A equipe de Trump estava convencida de que a CrowdStrike plantou provas no servidor do DNC para incriminar a Rússia, ao mesmo tempo que encobria os esforços da própria Ucrânia para "enfraquecer o movimento de Trump" durante a corrida eleitoral de 2016. Os políticos democratas e os meios de comunicação anti-Trump consideraram as suspeitas do presidente infundadas.
O telefonema Trump-Zelensky, no qual ele também pediu a Kiev que investigasse o papel do então ex-vice-presidente Joe Biden na demissão de um promotor ucraniano que investigava as supostas atividades corruptas de seu filho Hunter Biden enquanto trabalhava para a empresa de energia ucraniana Burisma, acabou desencadeando o primeiro pedido de impeachment de Trump em 2019.
A CrowdStrike também foi uma das poucas empresas contratadas pela Agência de Segurança Cibernética e de Infraestrutura dos EUA (CISA) em 2021 para elaborar um plano de defesa cibernética para "toda a nação". A iniciativa foi criticada como uma tentativa de fortalecer a inteligência dos EUA e os poderes de vigilância das Big Tech usando a segurança cibernética como cobertura.
No mesmo ano, o CEO da CrowdStrike, George Kurtz, culpou os hackers russos pelo ataque hacker da SolarWinds em 2020 ao governo federal dos EUA, mas curiosamente admitiu que a empresa não tinha informações próprias "para corroborar essa descoberta".
'Pesadelo de relações públicas'
"O aspecto de relações públicas é, obviamente, um pesadelo para a CrowdStrike", disse o veterano especialista independente em segurança cibernética Lars Hilse à Sputnik, comentando a interrupção de sexta-feira e o impacto que teve na imagem da empresa e no preço das ações.

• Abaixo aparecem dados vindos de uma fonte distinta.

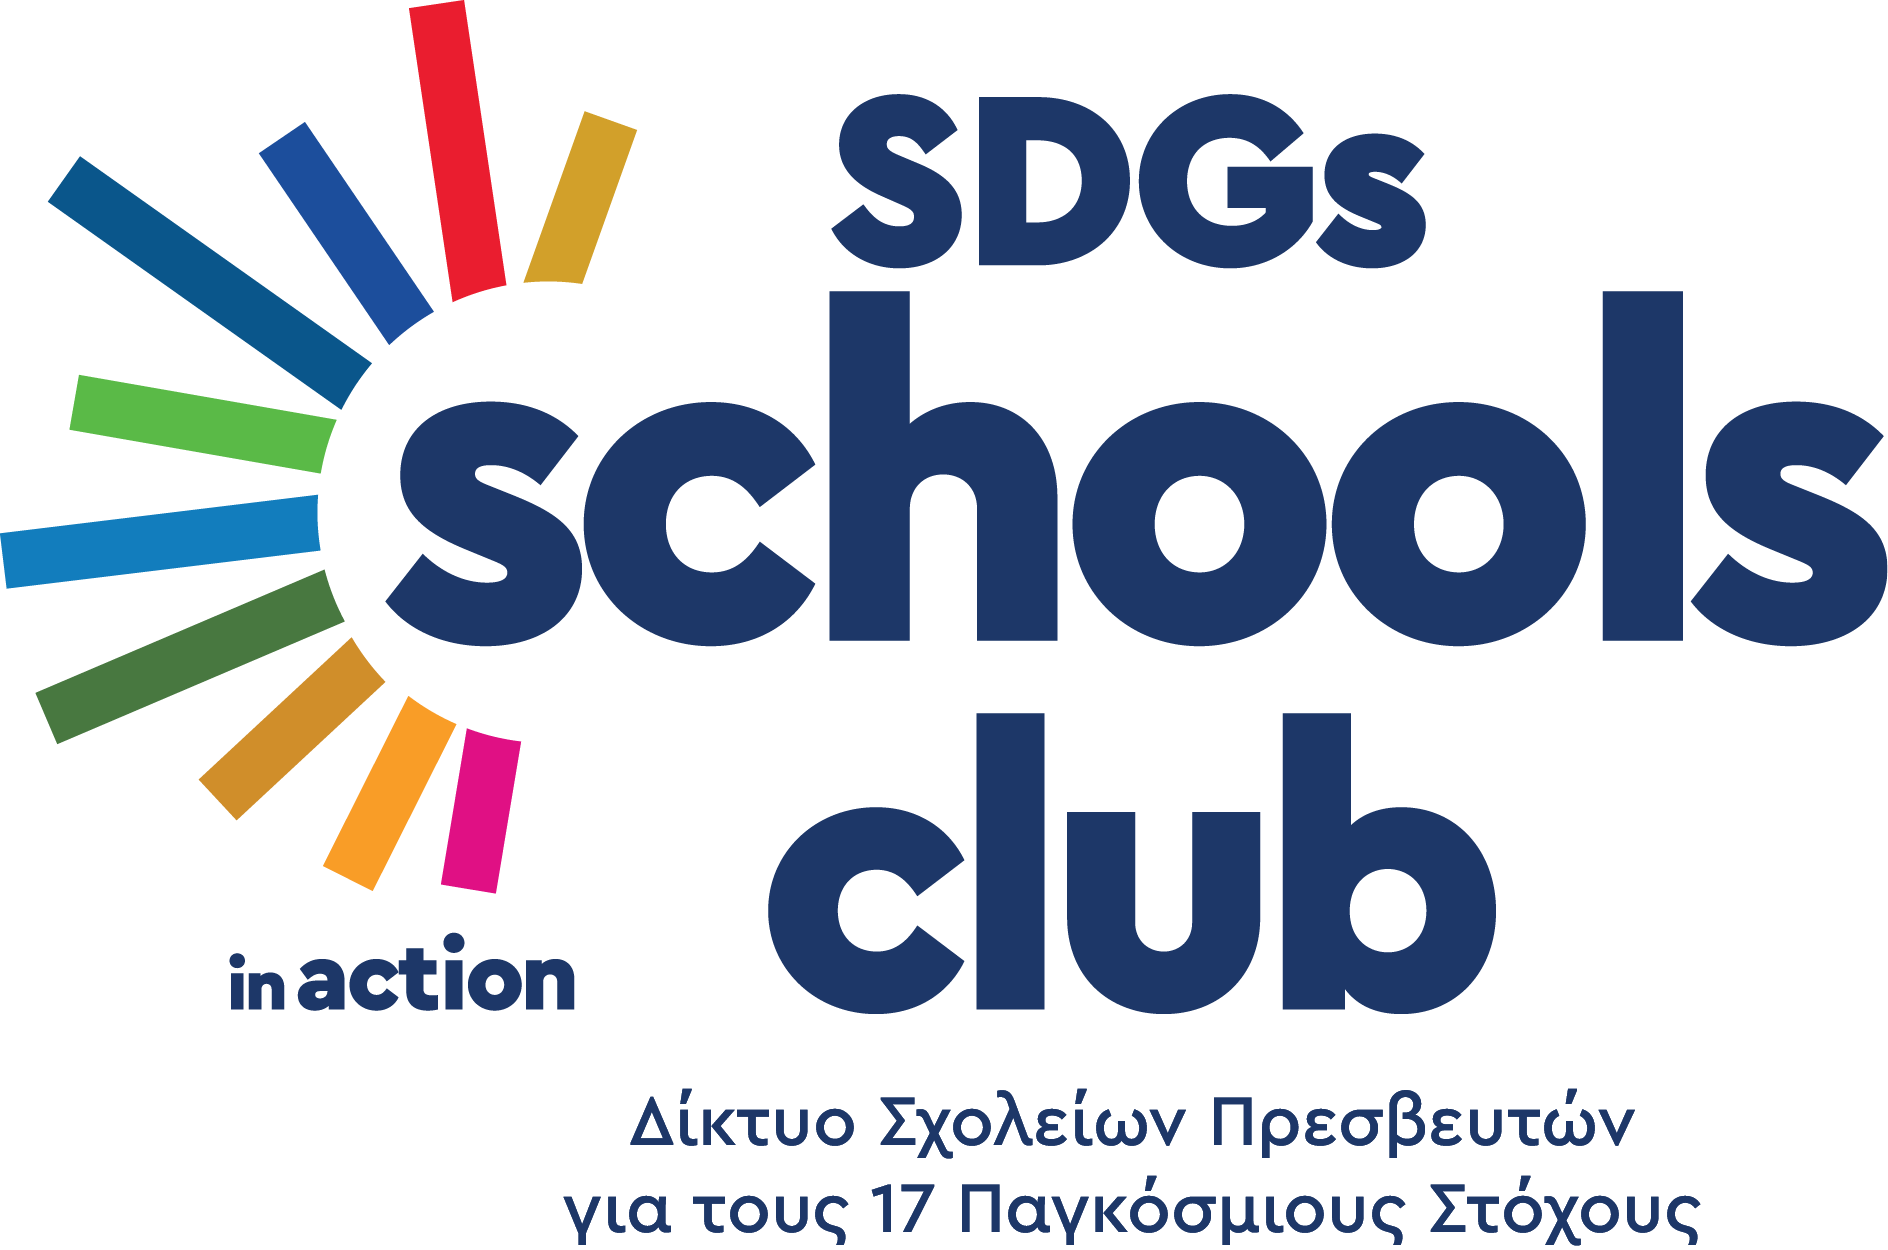 sdgs schools logo tagline bottom 1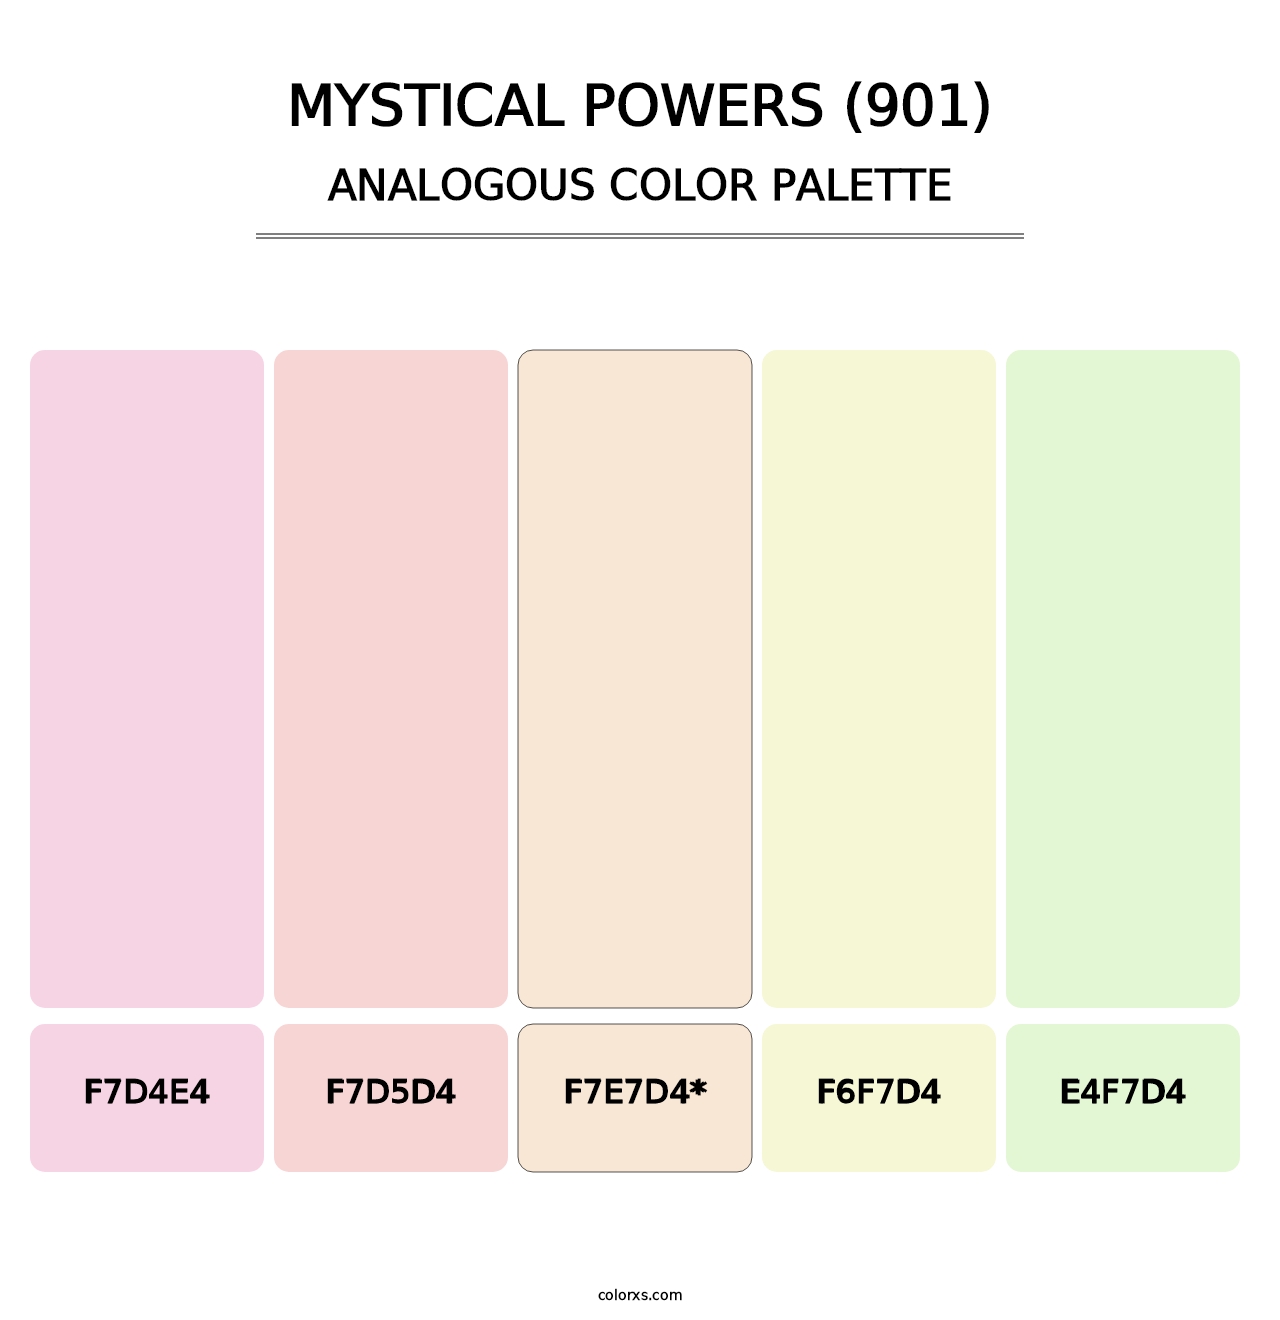 Mystical Powers (901) - Analogous Color Palette

A capitalização de mercado da CrowdStrike despencou US$ 12,5 bilhões (R$ 70 bilhões), e seu CEO, George Kurtz, viu mais de US$ 320 milhões (R$ 1,8 bilhão) reduzidos de sua fortuna pessoal. O preço das ações da empresa caiu de cerca de US$ 343 (R$ 1.920) para US$ 302 (R$ 1.691) por ação, sinalizando que cerca de 12% do valor de mercado da empresa foi eliminado.
Curiosamente, nem todos na empresa saíram da interrupção no vermelho, com o diretor de segurança Shawn Henry vendendo 4.000 ações ordinárias da CrowdStrike Holdings em 15 de julho por US$ 371,32 (R$ 2.079,43) por ação, ou US$ 1,49 milhão (R$ 8,34 milhões) no total, de acordo com a Comissão de Valores Monetários dos EUA (Security and Exchange Comission).
Hilse diz que a principal “lição” da bagunça do CrowdStrike será a exigência de que as empresas de segurança cibernética melhorem os testes antes de lançar atualizações críticas – algo especialmente importante se forem feitas como "uma única atualização sendo enviada para uma infinidade de clientes que executam atualizações baseadas em nuvem, incluindo aqueles responsáveis pela operação de infraestruturas críticas como aeroportos, bancos, etc."
"Com a crescente dependência da tecnologia, surge um impacto exponencialmente crescente na sociedade se essas tecnologias falharem, seja através de um ataque deliberado/direcionado ou de um software defeituoso, como neste caso", enfatizou Hilse.
O especialista russo em segurança cibernética Aleksei Lukatskiy disse a Sputnik que a Rússia conseguiu se esquivar da bala CrowdStrike graças a fortes empresas nacionais de segurança cibernética. As interrupções de sexta-feira servem, portanto, como outra "lição" importante para a Rússia, que tem "passado gradualmente de produtos de fornecedores estrangeiros para produtos russos", de que está no caminho certo, disse.
Outra conclusão importante, segundo Lukatskiy, é o nível cada vez mais crítico de dependência do mundo moderno em relação aos computadores.
"A tecnologia da informação penetrou numa ampla gama de áreas diferentes, e os proprietários de empresas que trabalham em indústrias críticas devem compreender todas as consequências e avaliar os eventos inaceitáveis que podem ocorrer devido à aparente falha de um computador comum."